Oil on board, 33ins x 25ins (40ins x 33ins framed)
A sketch for a larger painting of the same subject, of which the Berlin Photographic Society produced a print. The finished painting was larger than our sketch and with slight differences in composition.
This painting came from an auction in Berlin.
Brangwyn worked in a wide range of artistic fields. As well as paintings and drawings, he produced designs for stained glass, furniture, ceramics, glass tableware, mosaics, buildings and interiors, and was a lithographer and woodcutter and book illustrator. It has been estimated that during his lifetime Brangwyn produced more than 12,000 works. His mural commissions would cover over 22,000 sq ft (2,000 m2) of canvas, he painted over 1,000 oils, more than 660 mixed-media works (watercolours, gouache), over 500 etchings, around 400 wood-engravings and woodcuts, 280 lithographs, 40 architectural and interior designs, 230 designs for items of furniture and 20 stained glass panels and windows.

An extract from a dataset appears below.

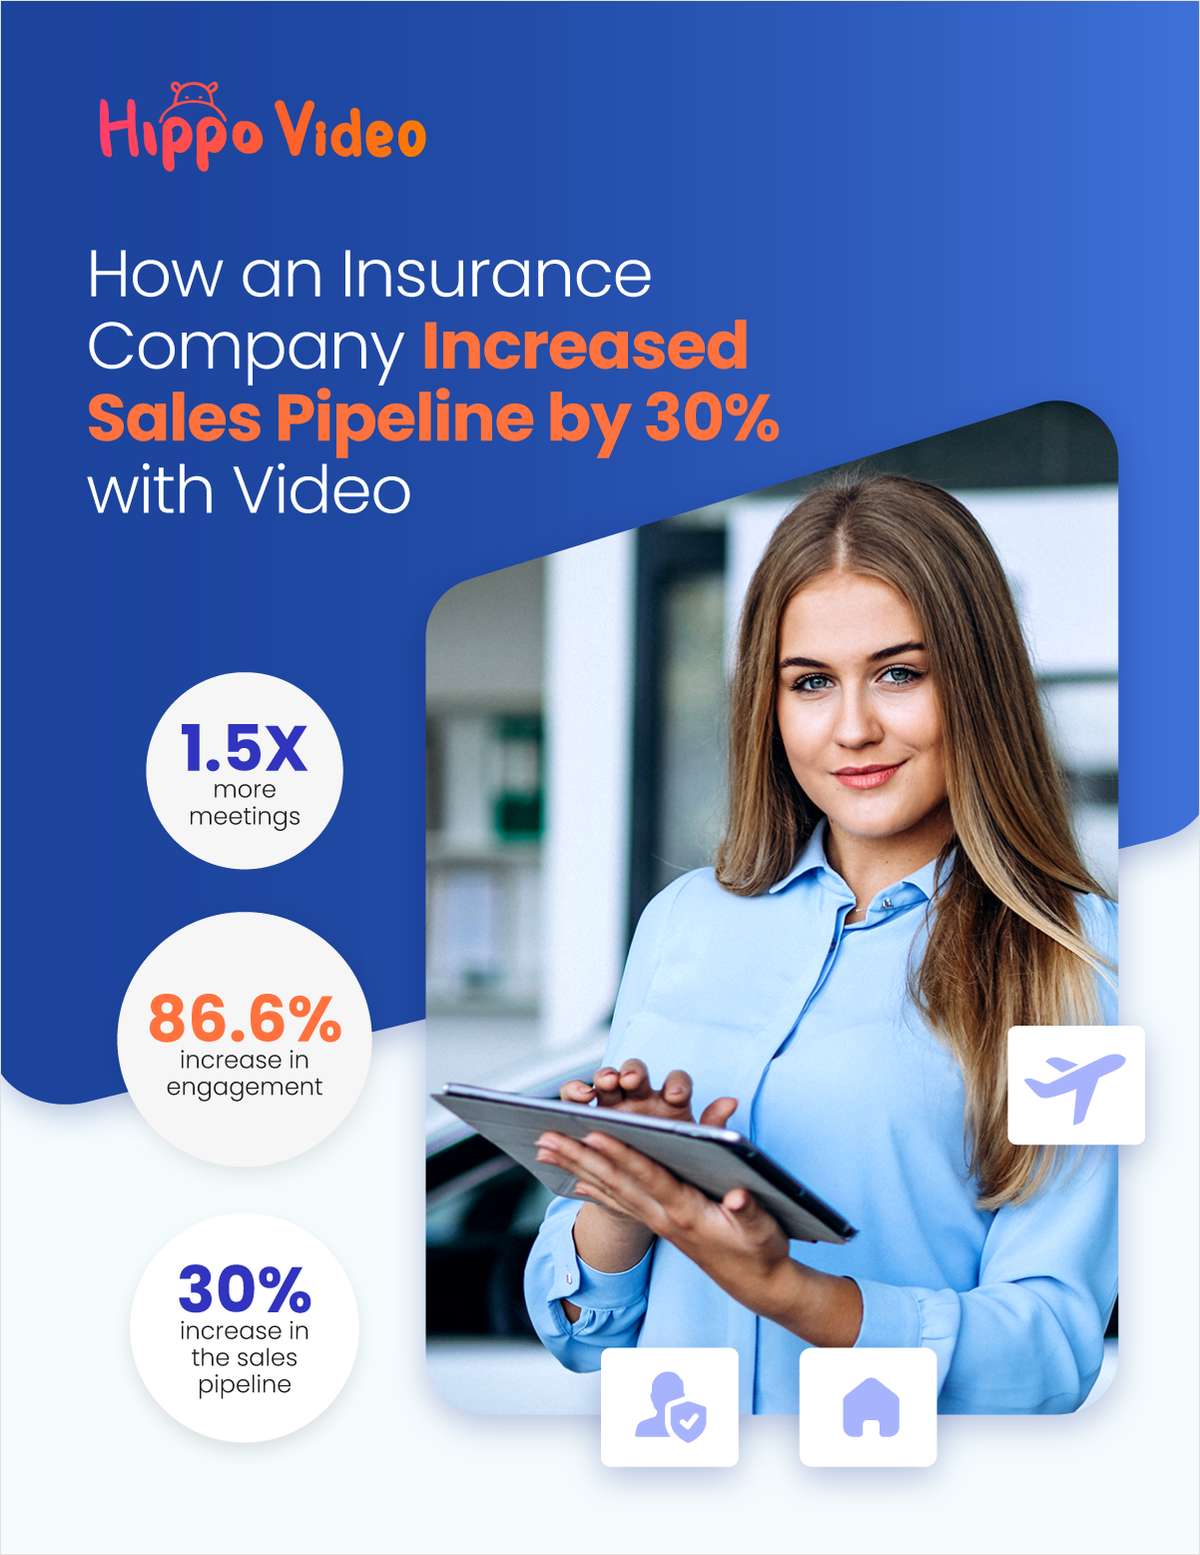 How a leading Insurance Company Increased Sales Pipeline by 30% using videos
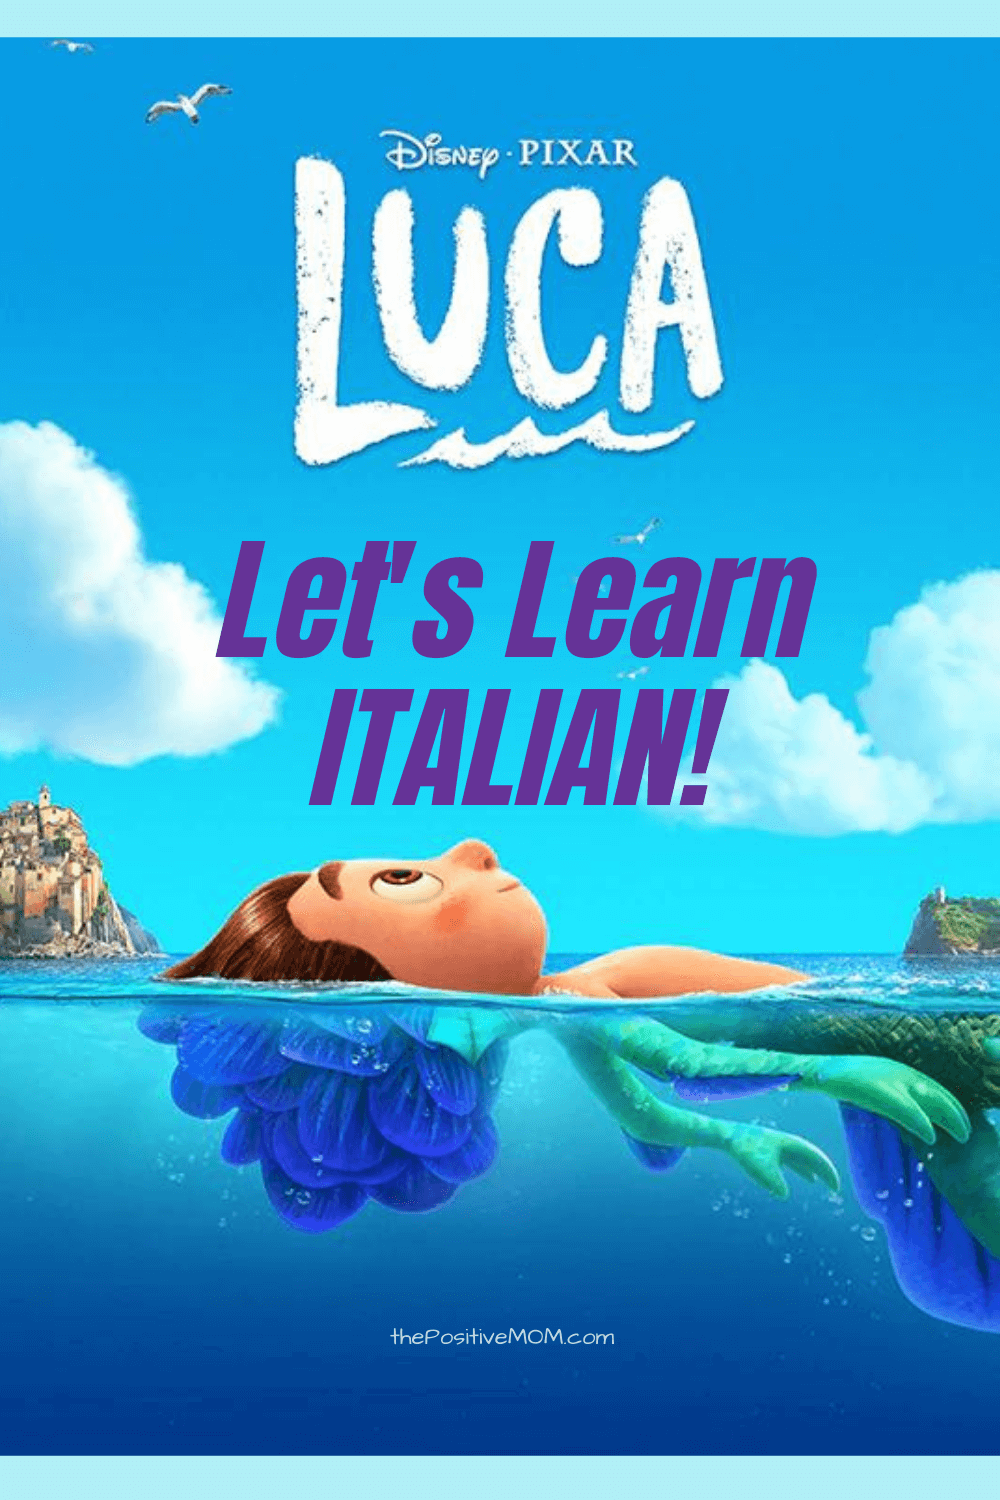 Italian Phrases from LUCA: Italian Quotes Featured In The Movie

Brangwyn received some artistic training, probably from his father, and later from Arthur Heygate Mackmurdo and in the workshops of William Morris, but he was largely an autodidact without a formal artistic education. When, at the age of 17, one of his paintings was accepted at the Royal Academy Summer Exhibition, he was strengthened in his conviction to become an artist. Initially, he painted traditional subjects about the sea and life on the seas. His 1890 canvas, Funeral At Sea won a medal of the third class at the 1891 Paris Salon. The murals for which Brangwyn was famous, and during his lifetime he was very famous indeed, were brightly coloured and crowded with details of plants and animals, although they became flatter and less flamboyant later in his life.
Lloyd George commissioned him to paint a set of murals for the House of Commons, they were finished after Lloyd George left office. The Government, in their wisdom, then decided to refuse them, Brangwyn was very distressed by this heartless decision. However , they are now in the Brangwyn Hall in Swansea.
Brangwyn style changed throughout his life , from square brush and muted colours coastal and figurative scenes to powerful, broad stroked , colourful and dramatic scenes of daily life in Europe.
Tate/ Wikipedia bio.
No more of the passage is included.